Dense-City, an exhibition of their work opens this weekend and they have just released the NEST Toolkit, a kit of parts of prefabricated building elements that are intended to be “scalable and adaptable for use on any combination of typical urban lots,” and speed up construction of supportive housing for the homeless.
They’ve been watching the housing bills in Sacramento closely.
“I think they're all very good because we need all the help we can get,” said Brooks. “But I believe that no one's talking about the elephant in the room which is zoning.”
Brooks points out that half of the developable land in Los Angeles is R1 zoning, which means it’s reserved for single family homes.
The bill to streamline ADU construction is “a great start,” Scarpa added. “If you look at the numbers of building I believe it's more than a million units by 2025. That equates to a little over 1,900 units per day. It's a lot. So we need everything we can get.”
While critics of density say that upzoning will add to parking and traffic issues, Brooks says we already have density, it’s just illegal.
“We already have two families, three families living to a house in some of our communities. We already have people living in garages. It just isn't seen as a legal dwelling unit,” she said.
One of the main reasons affordable housing can cost more to build than market-rate housing is because of all the requirements attached to using public money, which architects and developers need in order to make a project pencil out.
These are so-called “soft costs” and they were ridiculed even by comedian Bill Maher in his New Rules who said that when HHH was passed in 2016, housing units were projected to cost $140,000 and now “the cost for each unit has risen to 531k... about 40 percent of that cost goes to something the city calls soft costs. And I call BS costs. Layer upon layer of middlemen: inspectors, contractors, lawyers, lobbyists and, oh yes, labor unions too, and my favorite, consulting…”
Brooks agreed, adding “there are all these other layers of regulation upon regulation, consultants upon consultants. Most of our affordable housing projects have four or five different lenders with different regulations, different timelines. The fact that we don't have zoning which allows us to build ‘by right’ means that we have to go through an entitlement process which means we have to ask for approvals.”
“Which as a consequence we generally work out of fear as opposed to hope,” Scarpa added. “So we are always running scared about doing things and we always tend to lean towards the very conservative view.”
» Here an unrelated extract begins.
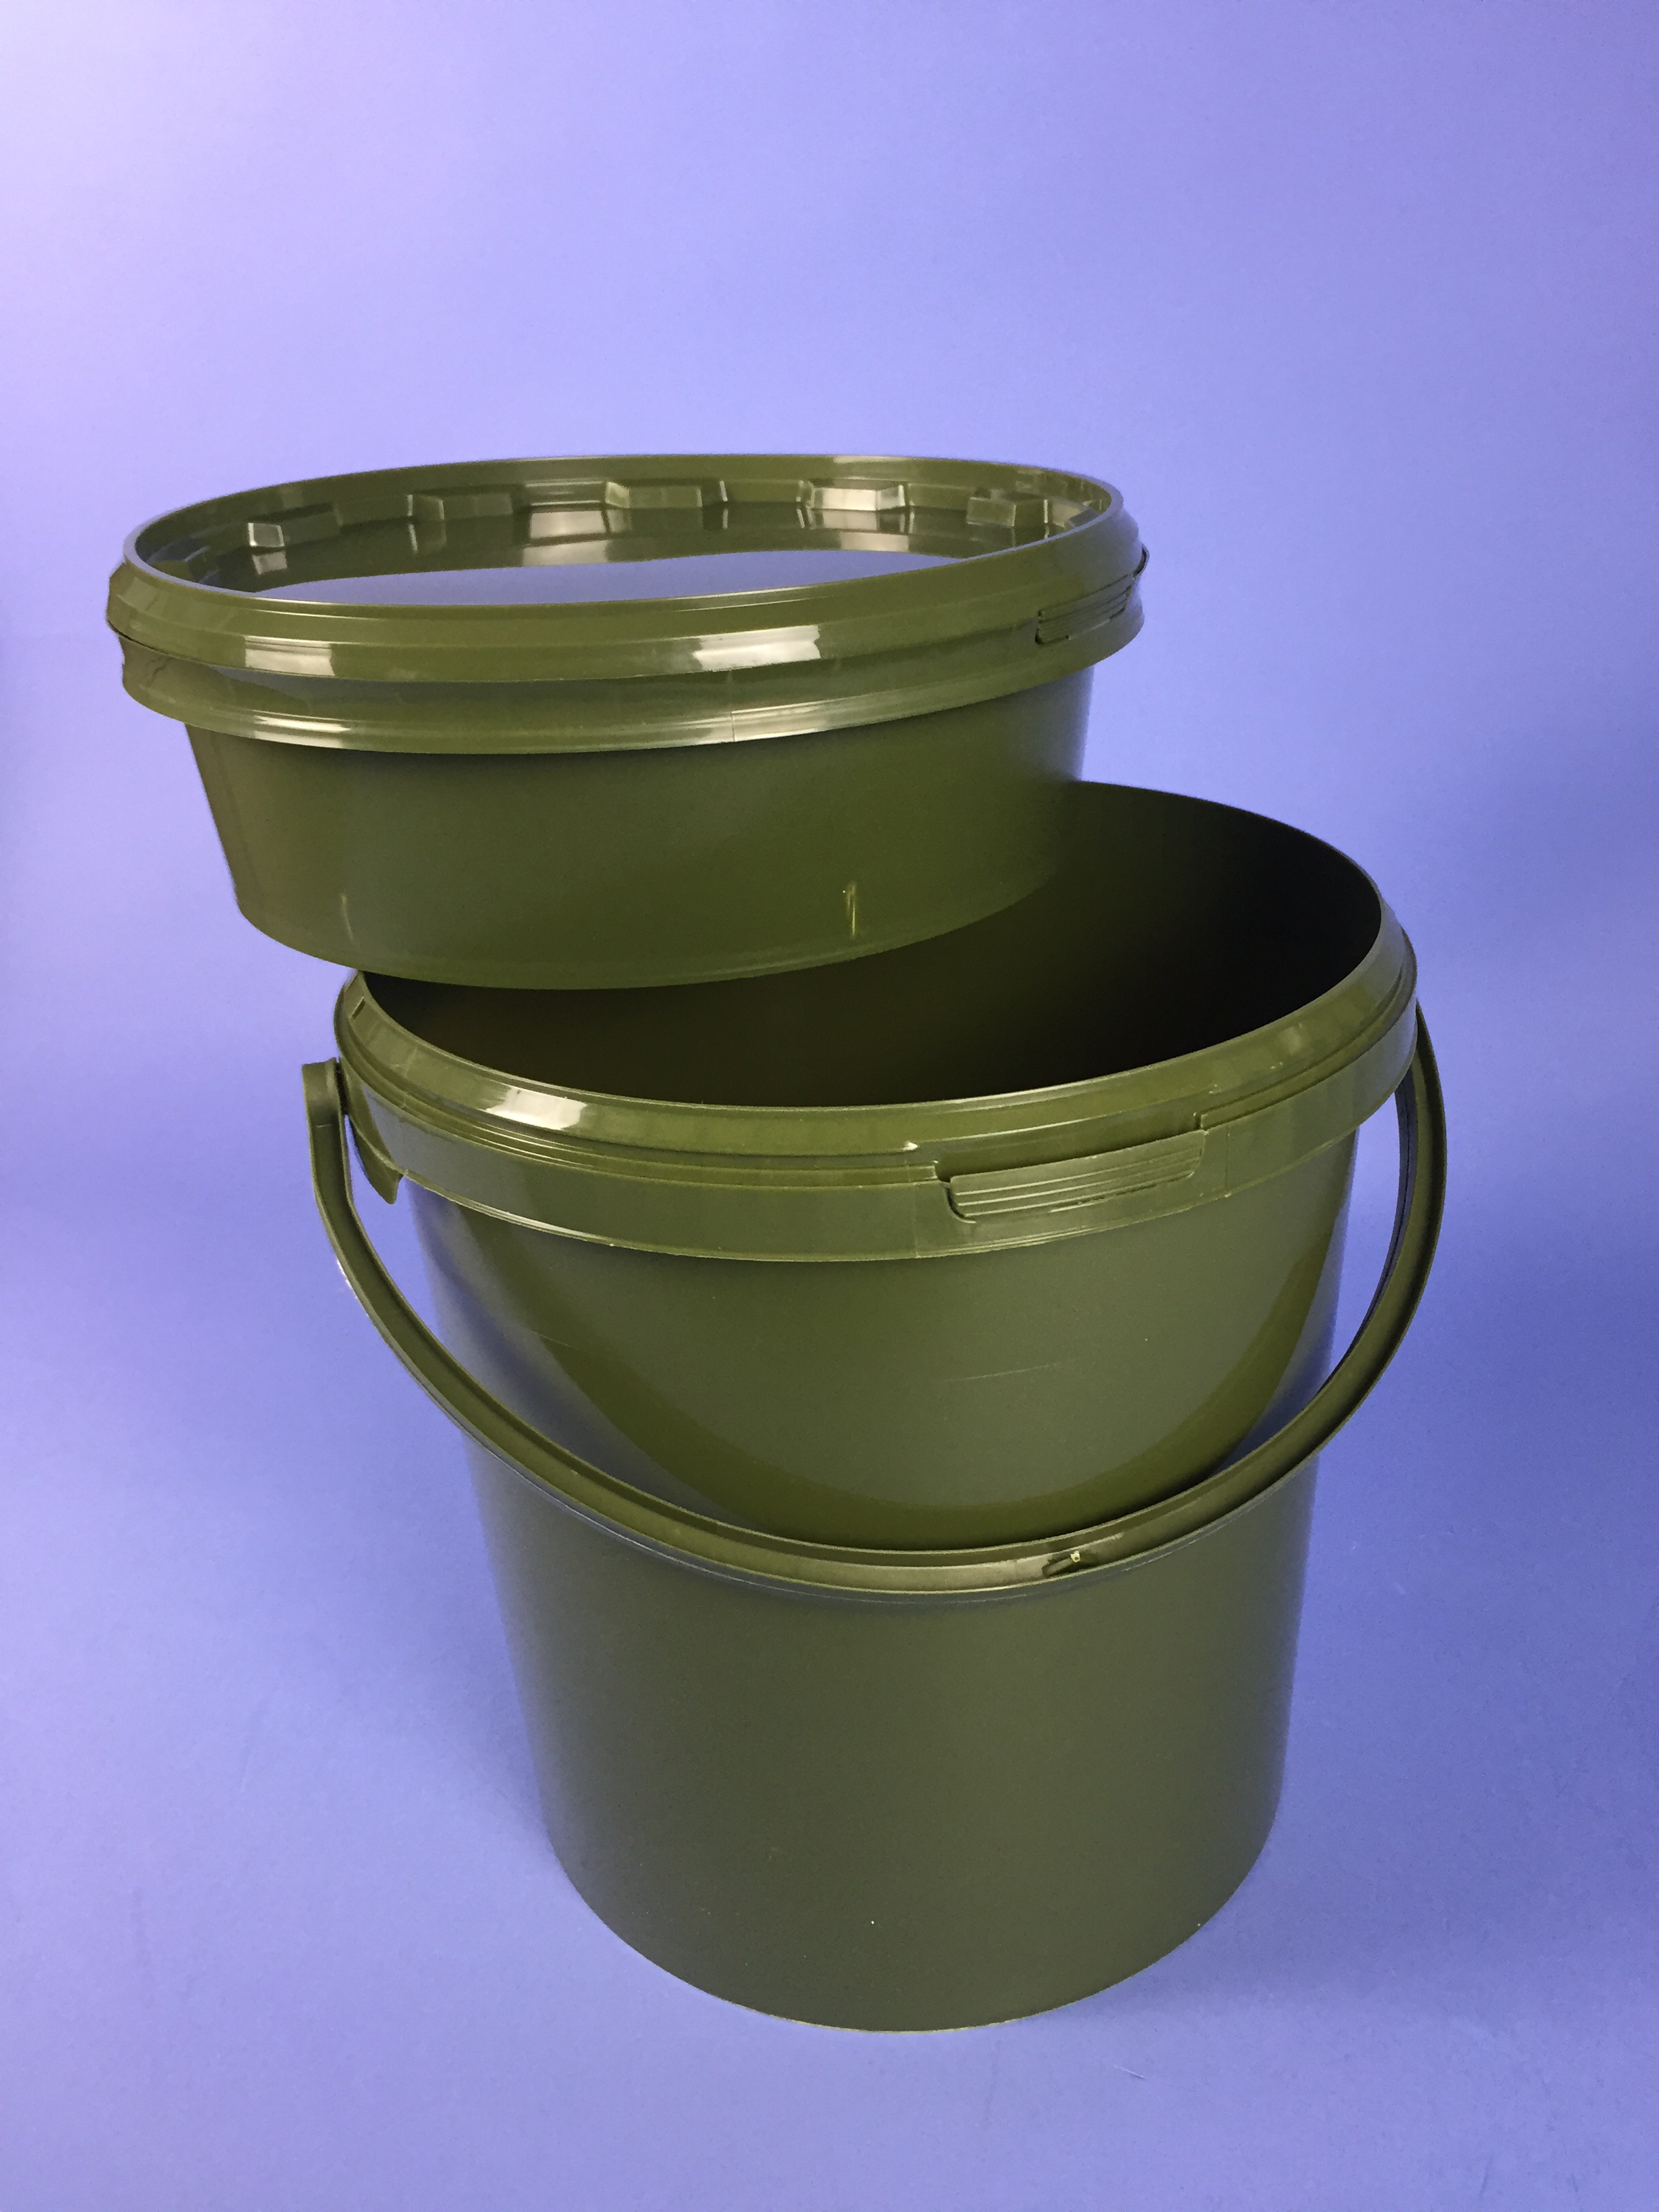 Olive Green 10 7 Litre Bucket C W Plastic Handle Amp Tamper

Brooks + Scarpa have an exhibition that opens this weekend at 18th Street Art Center’s Santa Monica Airport gallery. In conjunction with that show, they have published the NEST design toolkit, named after the nesting habits of birds. They are working with Plant Prefab, a spinoff company of LivingHomes, a locally-based modular prefab housing design firm.
The idea of the toolkit is to take the custom prefab home building process and tailor it to affordable housing. Because most urban lots are roughly 50 by 150 feet (or along that ratio) with similar setbacks, the toolkit can be easily scaled and adapted. The skin of the project can be tailored to fit the neighborhood or community that it’s in.
The benefit of prefab, which is becoming widely promoted in by architects and developers, Brooks said, “is it shortens the construction time. So construction time is money and if it takes 20 months to do a typical project and you can do it using prefab units and cut that down to four months or three months, then that saves a lot of money.”
But to really bring down the cost of construction, Brooks and Scarpa say the process of designing and permitting a project needs to be reformed through upzoning. The time it takes to get entitlements can often take years, because the city’s master plan hasn’t been updated in 50 years.